Records excerpted from a collection:
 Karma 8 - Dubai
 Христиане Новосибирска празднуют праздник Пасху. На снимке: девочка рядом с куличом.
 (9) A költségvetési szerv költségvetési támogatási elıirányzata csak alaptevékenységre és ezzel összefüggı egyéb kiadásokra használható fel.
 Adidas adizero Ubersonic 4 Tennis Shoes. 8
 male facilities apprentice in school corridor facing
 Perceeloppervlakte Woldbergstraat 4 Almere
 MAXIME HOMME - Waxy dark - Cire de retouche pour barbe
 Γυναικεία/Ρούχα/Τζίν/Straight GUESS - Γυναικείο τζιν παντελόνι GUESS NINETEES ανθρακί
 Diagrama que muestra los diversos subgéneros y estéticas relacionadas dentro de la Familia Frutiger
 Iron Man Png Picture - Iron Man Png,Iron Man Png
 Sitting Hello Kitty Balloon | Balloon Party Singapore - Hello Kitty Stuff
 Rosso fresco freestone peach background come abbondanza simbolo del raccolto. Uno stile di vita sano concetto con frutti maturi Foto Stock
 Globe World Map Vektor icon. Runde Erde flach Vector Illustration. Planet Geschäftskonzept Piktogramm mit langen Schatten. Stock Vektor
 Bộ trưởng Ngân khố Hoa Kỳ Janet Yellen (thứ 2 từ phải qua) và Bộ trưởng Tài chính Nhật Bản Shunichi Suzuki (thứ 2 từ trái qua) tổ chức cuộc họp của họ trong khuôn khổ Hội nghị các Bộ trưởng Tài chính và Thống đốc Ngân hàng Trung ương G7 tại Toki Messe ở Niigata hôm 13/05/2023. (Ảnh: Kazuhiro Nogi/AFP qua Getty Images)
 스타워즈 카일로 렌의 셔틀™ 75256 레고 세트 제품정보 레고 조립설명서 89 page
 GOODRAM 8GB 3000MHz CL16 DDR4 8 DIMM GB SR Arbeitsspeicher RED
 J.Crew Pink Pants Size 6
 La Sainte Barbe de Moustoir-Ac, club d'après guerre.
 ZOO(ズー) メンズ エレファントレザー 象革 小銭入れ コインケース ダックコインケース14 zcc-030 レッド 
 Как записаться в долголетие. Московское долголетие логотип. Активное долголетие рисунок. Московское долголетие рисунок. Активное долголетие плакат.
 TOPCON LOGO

§ **TASK DIRECTIONS**: Repeat verbatim the opening run of entries, ending with the line that contains "J.Crew Pink Pants Size 6".

§ **TASK OUTPUT**:
 Karma 8 - Dubai
 Христиане Новосибирска празднуют праздник Пасху. На снимке: девочка рядом с куличом.
 (9) A költségvetési szerv költségvetési támogatási elıirányzata csak alaptevékenységre és ezzel összefüggı egyéb kiadásokra használható fel.
 Adidas adizero Ubersonic 4 Tennis Shoes. 8
 male facilities apprentice in school corridor facing
 Perceeloppervlakte Woldbergstraat 4 Almere
 MAXIME HOMME - Waxy dark - Cire de retouche pour barbe
 Γυναικεία/Ρούχα/Τζίν/Straight GUESS - Γυναικείο τζιν παντελόνι GUESS NINETEES ανθρακί
 Diagrama que muestra los diversos subgéneros y estéticas relacionadas dentro de la Familia Frutiger
 Iron Man Png Picture - Iron Man Png,Iron Man Png
 Sitting Hello Kitty Balloon | Balloon Party Singapore - Hello Kitty Stuff
 Rosso fresco freestone peach background come abbondanza simbolo del raccolto. Uno stile di vita sano concetto con frutti maturi Foto Stock
 Globe World Map Vektor icon. Runde Erde flach Vector Illustration. Planet Geschäftskonzept Piktogramm mit langen Schatten. Stock Vektor
 Bộ trưởng Ngân khố Hoa Kỳ Janet Yellen (thứ 2 từ phải qua) và Bộ trưởng Tài chính Nhật Bản Shunichi Suzuki (thứ 2 từ trái qua) tổ chức cuộc họp của họ trong khuôn khổ Hội nghị các Bộ trưởng Tài chính và Thống đốc Ngân hàng Trung ương G7 tại Toki Messe ở Niigata hôm 13/05/2023. (Ảnh: Kazuhiro Nogi/AFP qua Getty Images)
 스타워즈 카일로 렌의 셔틀™ 75256 레고 세트 제품정보 레고 조립설명서 89 page
 GOODRAM 8GB 3000MHz CL16 DDR4 8 DIMM GB SR Arbeitsspeicher RED
 J.Crew Pink Pants Size 6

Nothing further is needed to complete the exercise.